In order to analyze the gatekeeping function, we have focused on three types of networks within each hashtag. The first two networks refer to message diffusion and are the main channels for tweets to go viral. These are the network of mentions (AT-Network) and the network of retweets (RT-Network). The third network refers to Twitter’s network of followers and followees (FF-Network), which we expected to play an important role in message replication. In order to evaluate whether message replication in Twitter political hashtags was correlated to the network topology, we performed a statistical correlation analysis on the following arrays of the dataset: retweet messages, mention messages, followers’ connections, followees’ connections, followers count, followees count and overall number of messages throughout the three datasets. This last feature accounts for the number of messages tweeted by single users regardless of their position in the network topology.
#FreeIran, #FreeVenezuela and #Jan25 are political hashtags that dominated Twitter’s Trending Topics across the world through messages in up to 27 different languages. Eighty-three percent of the datasets from #FreeIran and #FreeVenezuela contain unique messages, while in #Jan25 the proportion is 55%. The same asymmetry was found in the number of retweets. While #FreeIran and #FreeVenezuela show numbers similar to each other (30% and 32%, respectively), #Jan25 shows a significantly higher number of retweets (60%) in the dataset. However, such differences tend to disappear in an in-depth analysis, which shows that of all unique messages in the three datasets, 8% of them were retweeted, thus implying that #Jan25 just had more redundant tweets (flood). The percentage of messages that include a mention (AT-Network) also varies little: 4.1% in #FreeIran, 5.7% in #FreeVenezuela and 3.8% in #Jan25. Mentions from a unique user to another unique user also show minor variations, being 2.7% in #FreeIran, 4.1% in #FreeVenezuela and 3.3% in #Jan25. However, network connectivity is not so symmetrical. #FreeIran, #FreeVenezuela and #Jan25 have, respectively, 19,599; 626,023; and 268,575 users interconnected as followers and followees. When we consider only users that are mutually followers of each other, homophily is considerably higher in #FreeIran (28%) and #FreeVenezuela (33%) than #Jan25 (16%).

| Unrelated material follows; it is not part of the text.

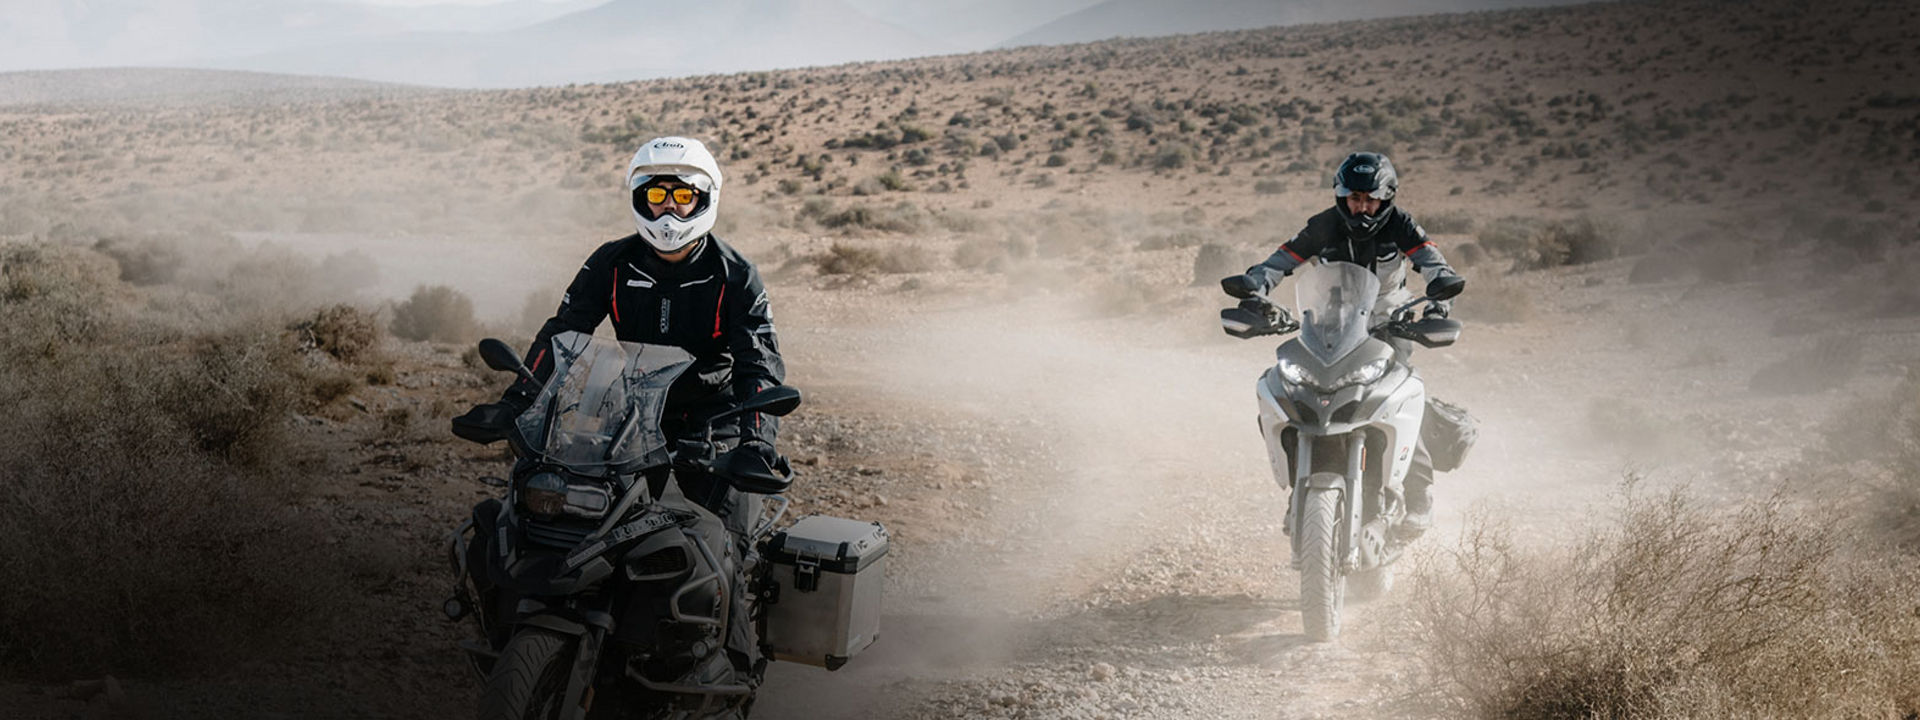 Obrázek ukazuje dva motocyklisty, kteří používají Adventure pneumatiky Bridgestone k prozkoumání pouště na motocyklu.

In order to properly address gatekeeping in Twitter political hashtags, we focused on the data related to retweets. The action of retweeting is an emergent behavior in Twitter that comprises the relaying of a tweet that has been written by another Twitter user. Retweeting makes it possible for a user to share a tweet written by another user with his or her followers. Retweeting can be understood as an instrument of information diffusion given that the original tweet is propagated to a new set of audiences, while the content of the message remains unaltered. This key mechanism for information diffusion in Twitter emerged as a simple way of passing on a message. The retweet rate is connected to the gatekeeping procedures, as it enables a message and the content it conveys to go viral in the Twitter mediascape. Suh et al. (2010) have shown that URLs and hashtags have strong relationships with retweetability, while suggesting that the number of followers and followees and the account creation date might also have an effect on retweetability. Moreover, Twitter literature found the amount of retweets to be the most effective technique for identifying intermediaries that transmit information to other users (Boyd et al., 2010; Cha et al., 2010; Kwak et al., 2010; Mendoza et al., 2010; Suh et al., 2010).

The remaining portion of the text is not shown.